One-third of the $3 billion fine is a criminal penalty

In the largest settlement ever involving a pharmaceutical company, British drug-maker GlaxoSmithKline agreed to plead guilty to criminal charges, and pay $3 billion in fines for promoting its best-selling anti-depressants for unapproved uses, failing to report safety data about its top diabetes drug and improperly marketing several other drugs, federal prosecutors announced on Monday.

The agreement also includes civil penalties for improper marketing of a half-dozen other drugs.

The fine against GlaxoSmithKline over Paxil, Wellbutrin and Avandia and the other drugs makes this year a record for money recovered by the federal government under its so-called whistle-blower law, according to a group that tracks such numbers.

In May, Abbott Laboratories settled for $1.6 billion over its marketing of the anti-psychotic drug Depakote. And an agreement with Johnson & Johnson that could result in a fine of as much as $2 billion is said to be imminent over its off-label promotion of another anti-psychotic drug, Risperdal.

No individuals have been charged in any of the cases. Even so, the Justice Department contends the prosecutions are well worth the effort reaping more than $15 in recoveries for every $1 it spends, by one estimate.

Fines not enough

But critics argue that even large fines are not enough to deter drug companies from unlawful behaviour. Only when prosecutors single out individual executives for punishment, they say, will practices begin to change.

“'What we’re learning is that money doesn’t deter corporate malfeasance,’’ said Eliot Spitzer, who, as New York’s attorney-general, sued GlaxoSmithKline in 2004 over similar accusations involving Paxil. “The only thing that will work in my view is CEOs and officials being forced to resign and individual culpability being enforced.’’

The federal whistle-blower law, officially the False Claims Act, dates to 1863 and was originally envisioned as a check on war profiteering after the Civil War. It got new life when it was strengthened in 1986 and has since served as a lucrative programme for identifying companies that defraud the federal government.

Whistle-blowers get a share of any money recovered by the federal government. So far, according to Patrick Burns, spokesman for the whistle-blower advocacy group Taxpayers Against Fraud, at least $10 billion has been agreed to in settlements this fiscal year, which ends in September.

The settlement, which requires court approval, stems from claims made by four employees of GlaxoSmithKline, including a former senior marketing development manager for the company and a regional vice-president, who tipped off the government about a range of improper practices from the late 1990s to the mid-2000s.

Prosecutors said the company had tried to win over doctors by paying for trips to Jamaica and Bermuda, as well as spa treatments and hunting excursions. In the case of Paxil, prosecutors claim GlaxoSmithKline employed several tactics aimed at promoting the use of the drug in children, including helping to publish a medical journal article that misreported data from a clinical trial.

A warning was later added to the drug that Paxil, like other anti-depressants, might increase the risk of suicidal thoughts in teenagers.

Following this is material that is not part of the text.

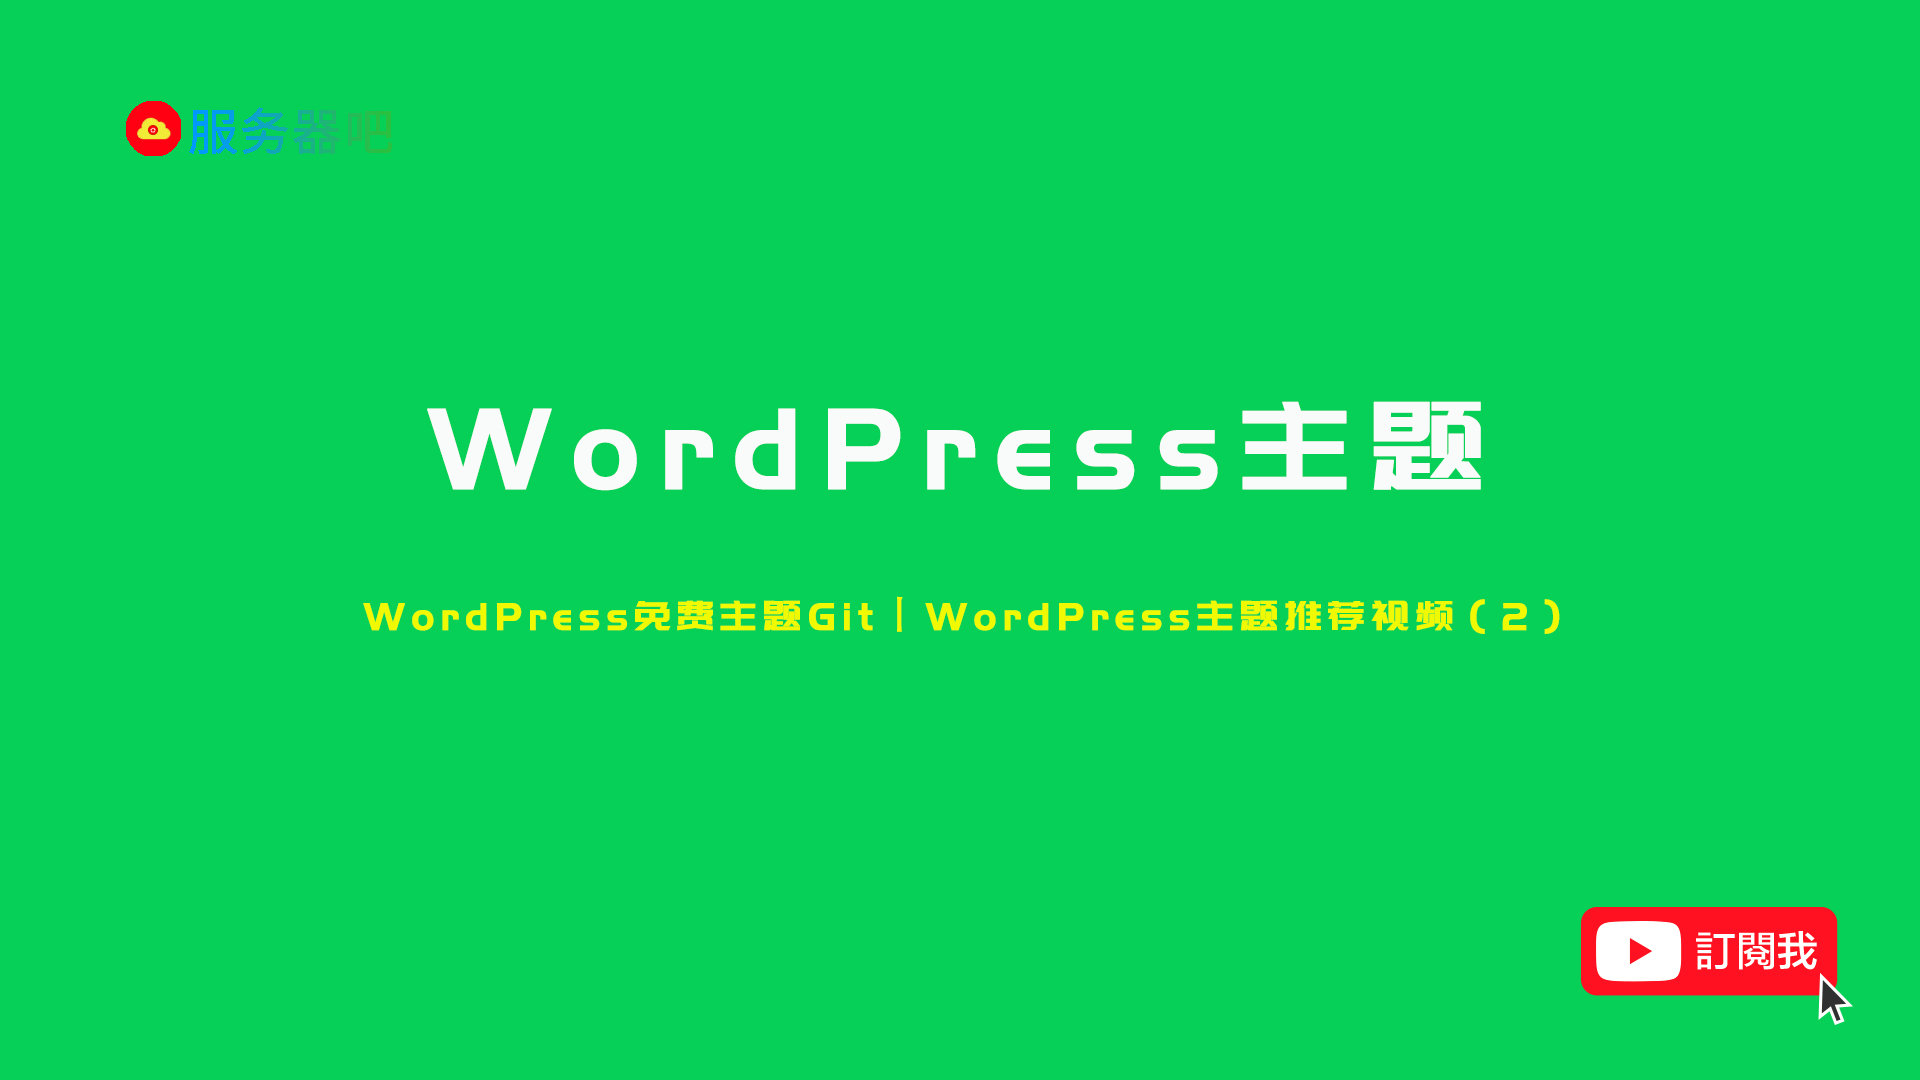 WordPress主题:来自极客公园的WordPress免费主题,Git主题

Prosecutors said the company had marketed Wellbutrin for conditions such as weight loss and sexual dysfunction when it was approved only to treat major depressive disorder.

They said that in the case of Avandia, whose use was severely restricted in 2010 after it was linked to heart risks, the company had failed to report data from studies detailing the safety risks to the FDA.

“Today’s multi-billion-dollar settlement is unprecedented in both size and scope,’’ said James M. Cole, the deputy attorney-general. “It underscores the administration’s firm commitment to protecting the American people and holding accountable those who commit health care fraud.’’

The initial terms of the settlement were announced in November, and GlaxoSmithKline had already set aside cash for the settlement. In a statement on Monday, the company said it had since changed many of its policies, including no longer rewarding sales representatives for the number of drug prescriptions sold.

Andrew Witty, the chief executive, sought to portray the illegal actions as part of the company’s past.

“Whilst these originate in a different era for the company, they cannot and will not be ignored,’’ he said in the statement.

“On behalf of GSK, I want to express our regret and reiterate that we have learned from the mistakes that were made.’’

One-third of the $3 billion fine is a criminal penalty. The other $2 billion involves fines in connection with a civil settlement with the federal government and some states over the marketing of the blockbuster asthma drug Advair and other drugs. Part of the civil settlement also includes claims that the company overcharged the government for drugs. Glaxo did not admit any wrongdoing in the civil settlement.